A maximum of 1022 patients are required to test the superiority hypothesis with 80% power according to a two-side 0.05 level of significance, stratified by age, gender, history of stroke or transient ischemic attack, history of hypertension, history of diabetes mellitus, systolic blood pressure at admission, time from IVT to treatment, thrombolysis drug, stroke territory, and stroke etiology.

DESIGN

Early antiplatelet for minor stroke following thrombolysis is a prospective, double-blinded, multicenter, randomized and placebo-controlled trial. Minor stroke patients within 6 h following IVT are randomly assigned into experimental group and control group with the ratio of 1:1. The experimental group is orally administered with 300 mg clopidogrel and 100 mg aspirin, and control group with placebo.

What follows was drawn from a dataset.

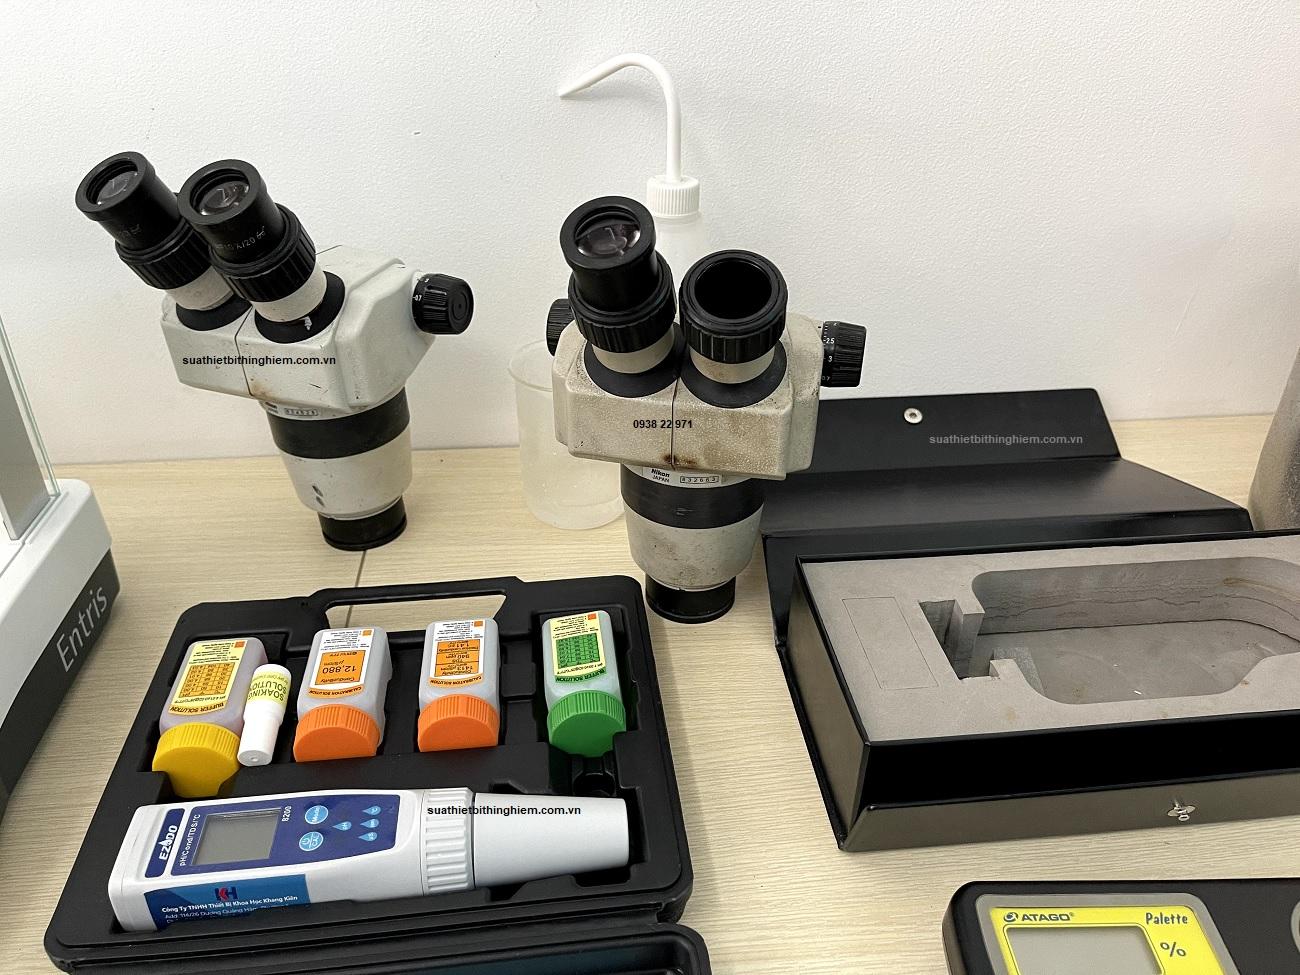 Bảo trì kính hiển vi soi nổi Nikon

Subsequently, both groups received guideline-based antithrombotic treatment from 24 h after IVT to 90 days.

OUTCOME

The primary efficacy endpoint is excellent functional outcome, defined as the modified Rankin Scale 0-1 at 90 days after randomization, while primary safety endpoint is symptomatic intracerebral hemorrhage, defined as National Institutes of Health Stroke Scale score increase ⩾ 4 caused by intracranial hemorrhage within 36 h after randomization.

CONCLUSIONS

The results of EAST will provide us powerful early antiplatelet evidence for minor stroke population following intravenous thrombolysis in clinical practice.

摘要

背景

约 10%接受静脉溶栓(IVT)的患者会出现早期神经功能恶化(END),且与预后不良相关。理论上,IVT 后早期抗血小板治疗可通过预防再闭塞和卒中进展来减少 END,但目前的指南建议在 IVT 后 24 小时开始抗血小板治疗,因为担心出血转化。鉴于严重卒中患者出血转化风险较高,我们假设 IVT 后轻度卒中患者可安全地从早期抗血小板治疗中获益。

目的

探索 IVT 后轻度卒中患者早期抗血小板治疗的疗效和安全性。

样本量估计

根据双侧 0.05 水平的显著性和 80%的效能,最多需要 1022 例患者来检验优势假设,按年龄、性别、卒中或短暂性脑缺血发作史、高血压史、糖尿病史、入院时收缩压、IVT 至治疗时间、溶栓药物、卒中部位和卒中病因进行分层。

设计

早期抗血小板治疗轻度卒中溶栓后是一项前瞻性、双盲、多中心、随机、安慰剂对照试验。IVT 后 6 小时内的轻度卒中患者被随机分为实验组和对照组,比例为 1:1。实验组给予氯吡格雷 300mg 和阿司匹林 100mg 口服,对照组给予安慰剂。随后,两组均在 IVT 后 24 小时至 90 天接受基于指南的抗血栓治疗。

结局

主要疗效终点为 90 天改良 Rankin 量表评分 0-1,主要安全性终点为随机分组后 36 小时内由颅内出血引起的 NIHSS 评分增加⩾4 的症状性颅内出血。

结论

EAST 的结果将为 IVT 后轻度卒中患者的临床实践中提供强有力的早期抗血小板治疗证据。